Problem

Given an unsorted array, find the minimum difference between any pair of elements in the array.

Examples

Example 1:

Input: [4, 9, 1, 32, 13]
Output: 3
Explanation: The minimum difference is between 4 and 1.

Example 2:

Input: [1, 5, 3, 19, 18, 25]
Output: 1
Explanation: The minimum difference is between 18 and 19.

Example 3:

Input: [30, 5, 20, 9]
Output: 4
Explanation: The minimum difference is between 5 and 9.

Solution

Method 1 - Naive

The brute force approach involves checking every possible pair of elements in the array and calculating the difference between each pair. Keep track of the minimum difference encountered.

Code

Java
public class Solution {
    public int findMinDifference(int[] nums) {
        int minDifference = Integer.MAX_VALUE;

        // Iterate through all pairs of elements
        for (int i = 0; i < nums.length - 1; i++) {
            for (int j = i + 1; j < nums.length; j++) {
                int diff = Math.abs(nums[i] - nums[j]);
                if (diff < minDifference) {
                    minDifference = diff;
                }
            }
        }

        return minDifference;
    }
}
Python
def find_min_difference_brute_force(nums):
    min_difference = float("inf")

    # Iterate through all pairs of elements
    for i in range(len(nums) - 1):
        for j in range(i + 1, len(nums)):
            diff = abs(nums[i] - nums[j])
            if diff < min_difference:
                min_difference = diff

    return min_difference

Complexity

  • ⏰ Time complexity: O(n ^ 2)
  • 🧺 Space complexity: 1)`

Method 2 - Sorting

To find the minimum difference between any pair in an unsorted array, a straightforward approach is to leverage sorting:

  1. Sort the Array: Sorting the array allows us to compare adjacent elements, which are naturally the closest in value.
  2. Find Minimum Difference: Iterate through the sorted array and compute the difference between each pair of adjacent elements.

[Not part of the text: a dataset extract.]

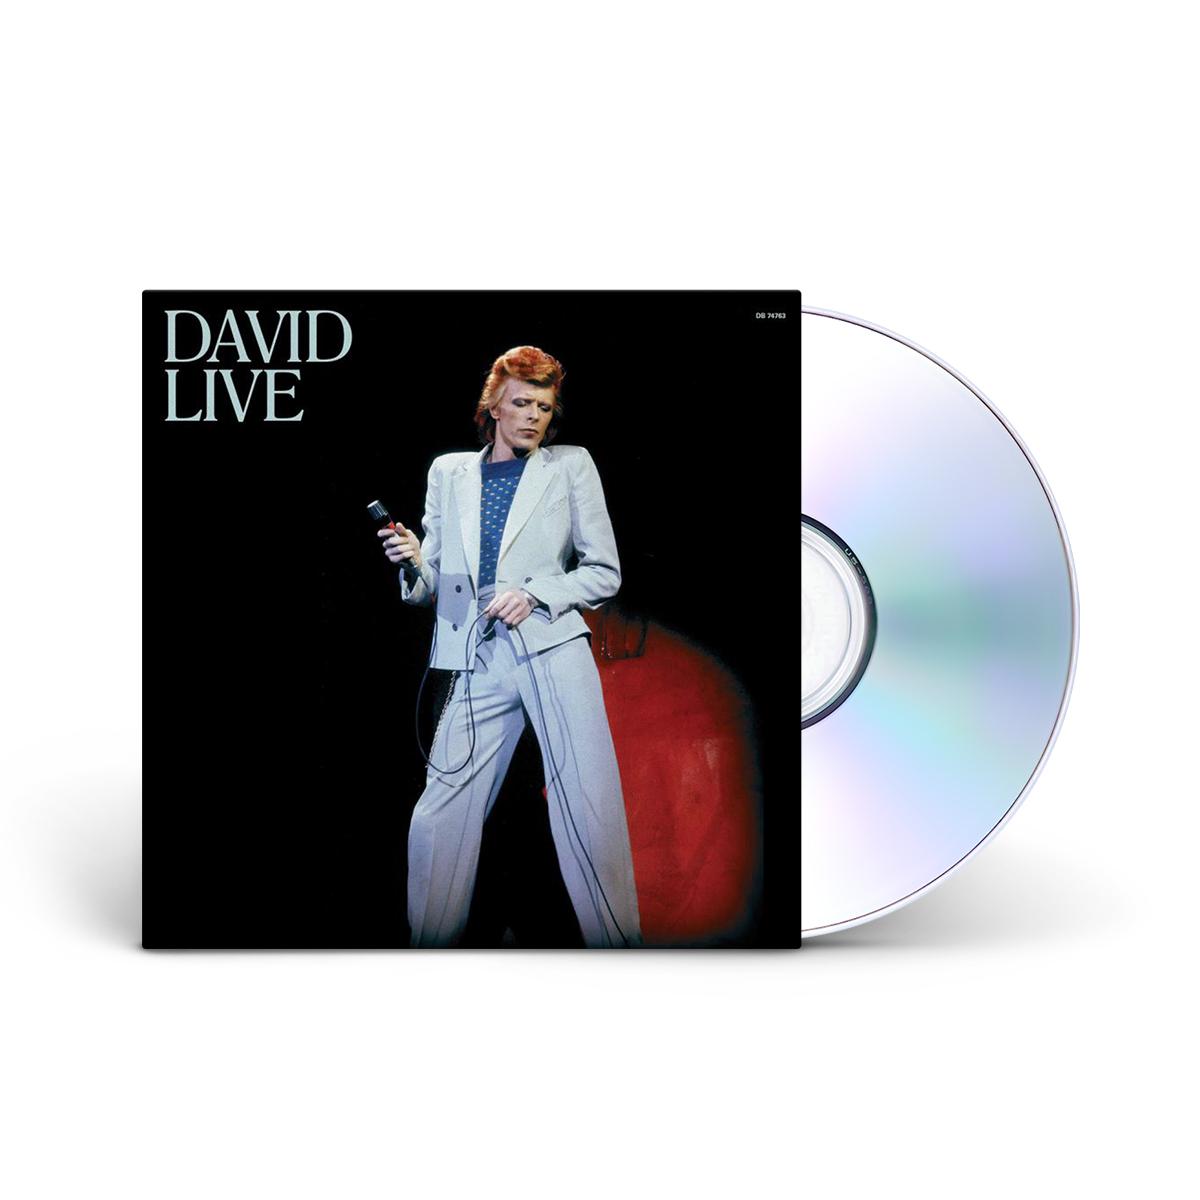 David Bowie David Live (2005 Mix) (Remastered Version) 2CD

Track the smallest difference encountered.

Code

Java
public class Solution {
    public int findMinDifference(int[] nums) {
        // Sort the array
        Arrays.sort(nums);

        // Initialize minimum difference to a large value
        int minDifference = Integer.MAX_VALUE;

        // Iterate through sorted array and find the minimum difference
        for (int i = 1; i < nums.length; i++) {
            int diff = nums[i] - nums[i - 1];
            if (diff < minDifference) {
                minDifference = diff;
            }
        }

        return minDifference;
    }
}
Python
def find_min_difference(nums):
    # Sort the array
    nums.sort()

    # Initialize minimum difference to a large value
    min_difference = float("inf")

    # Iterate through sorted array and find the minimum difference
    for i in range(1, len(nums)):
        diff = nums[i] - nums[i - 1]
        if diff < min_difference:
            min_difference = diff

    return min_difference

Complexity

  • ⏰ Time complexity: O(n log n)
  • 🧺 Space complexity: O(1)